What is the alternative? I think that we need (what shall we call them...?) Libraries. Public Libraries, Special Libraries, College and University Libraries, and School Libraries. These can work together or independently. They can address the needs of their particular communities of interest. This will accomplish three things:
- It will aid preservation by making the preservation community bigger. This will not only increase redundancy, but will also help ensure that there is less chance that a single system or financial or governance failure will mean a loss of all information.
- It will help deal with the scale of the preservation problem (as identified by the IDC report). With more players and more stake holders, there will be more voices and more variety in the decision making process when we collectively decide what to save. This will mean, for example, that a group of School Libraries working together on digital preservation could ensure that an item of essential use to K-12 will be saved even if no university saves it. And vice versa.
- It will help users find and use the information they need. Today, it seems that everyone understands what librarians have always known: that there is a lot of information in the world. It used to take a library degree to get an appreciation of all the sources of information in the world. Today, everyone that uses the Web has that same appreciation.
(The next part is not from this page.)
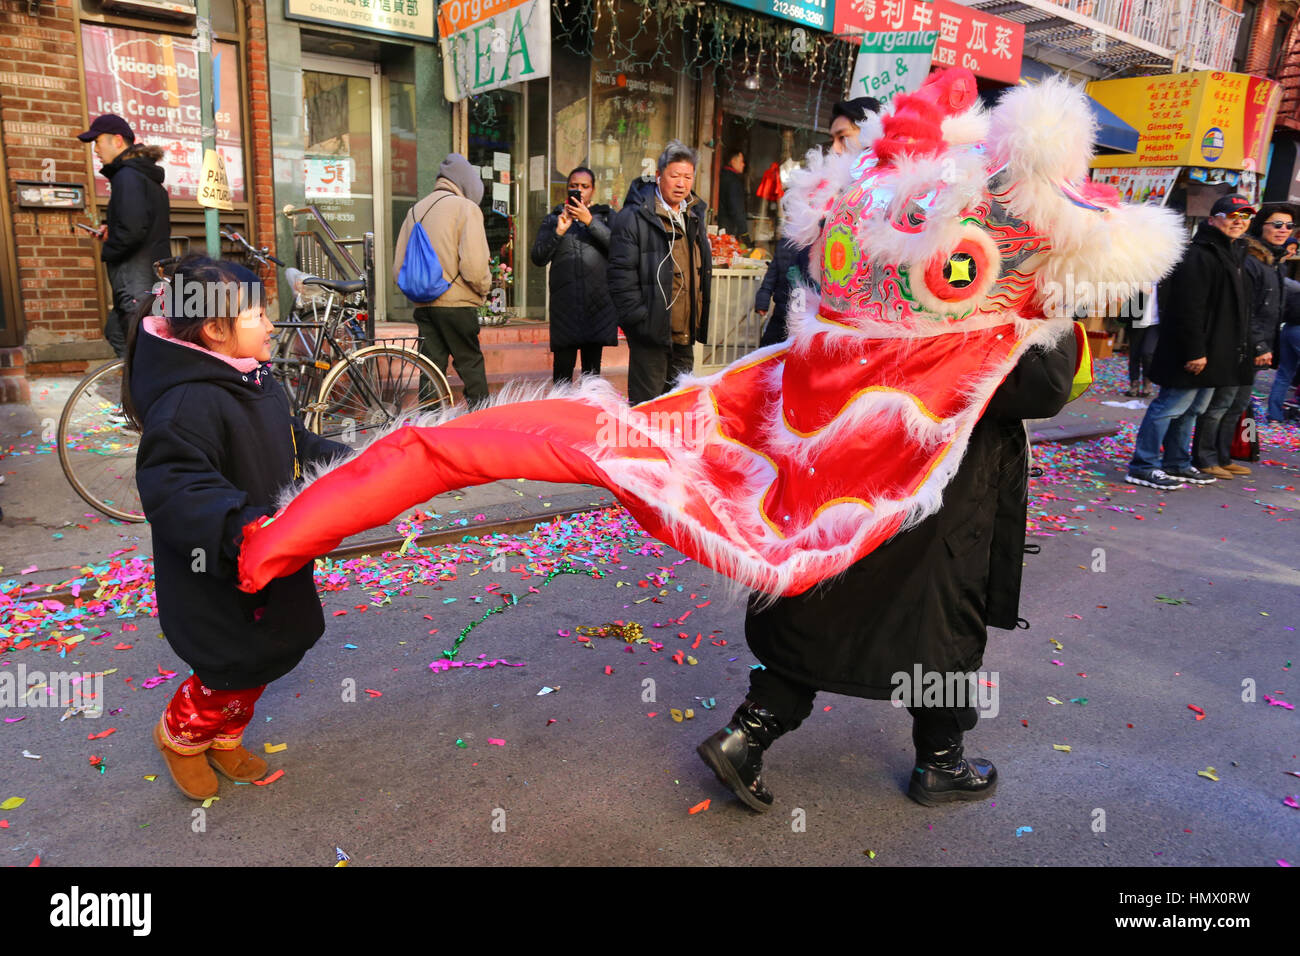 Nueva York, Estados Unidos. 04 Feb, 2017. Chinatown de Nueva York celebra el Año Nuevo Lunar, el Año del Gallo con danzas del león, bailes del dragón, y un gran desfile. Crédito: Robert K. Chin/Pacific Press/Alamy Live News Foto de stock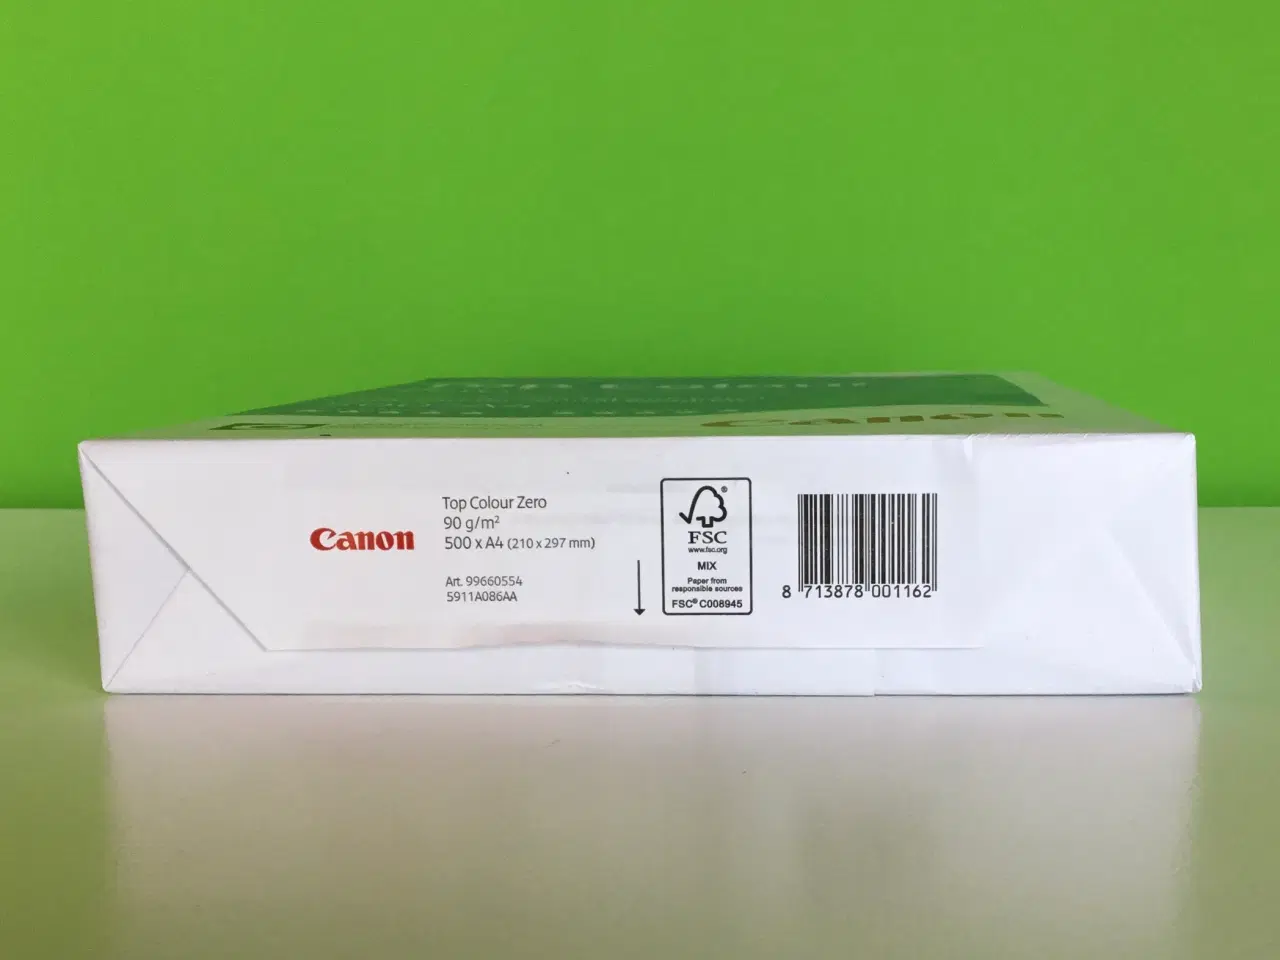 Billede 3 - Canon kopi- og printerpapir i top kvalitet

It seems like every day there is another newspaper article or blog posting about how great it is to have access to "everything." But the "everything" people see on the Web is really only a subset of everything and it only appears to be "everything" because there is so much in this very large subset of everything. And, when your only option is to search "everything" you quickly discover that that is not always the best way to find just what you want. (Even Google has segmented information into categories like movies, blogs, books, and scholarly information.) Having community-of-interest collections will enable libraries to build user-interfaces that work best for those communities and that provide access to the information those communities most want.
Libraries won't replace "everything" collections. They will complement each other and unfocused "everything" collections. They will enrich us all and help ensure that we will preserve what needs to be preserved as the "digital universe" expands more rapidly than we could otherwise deal with.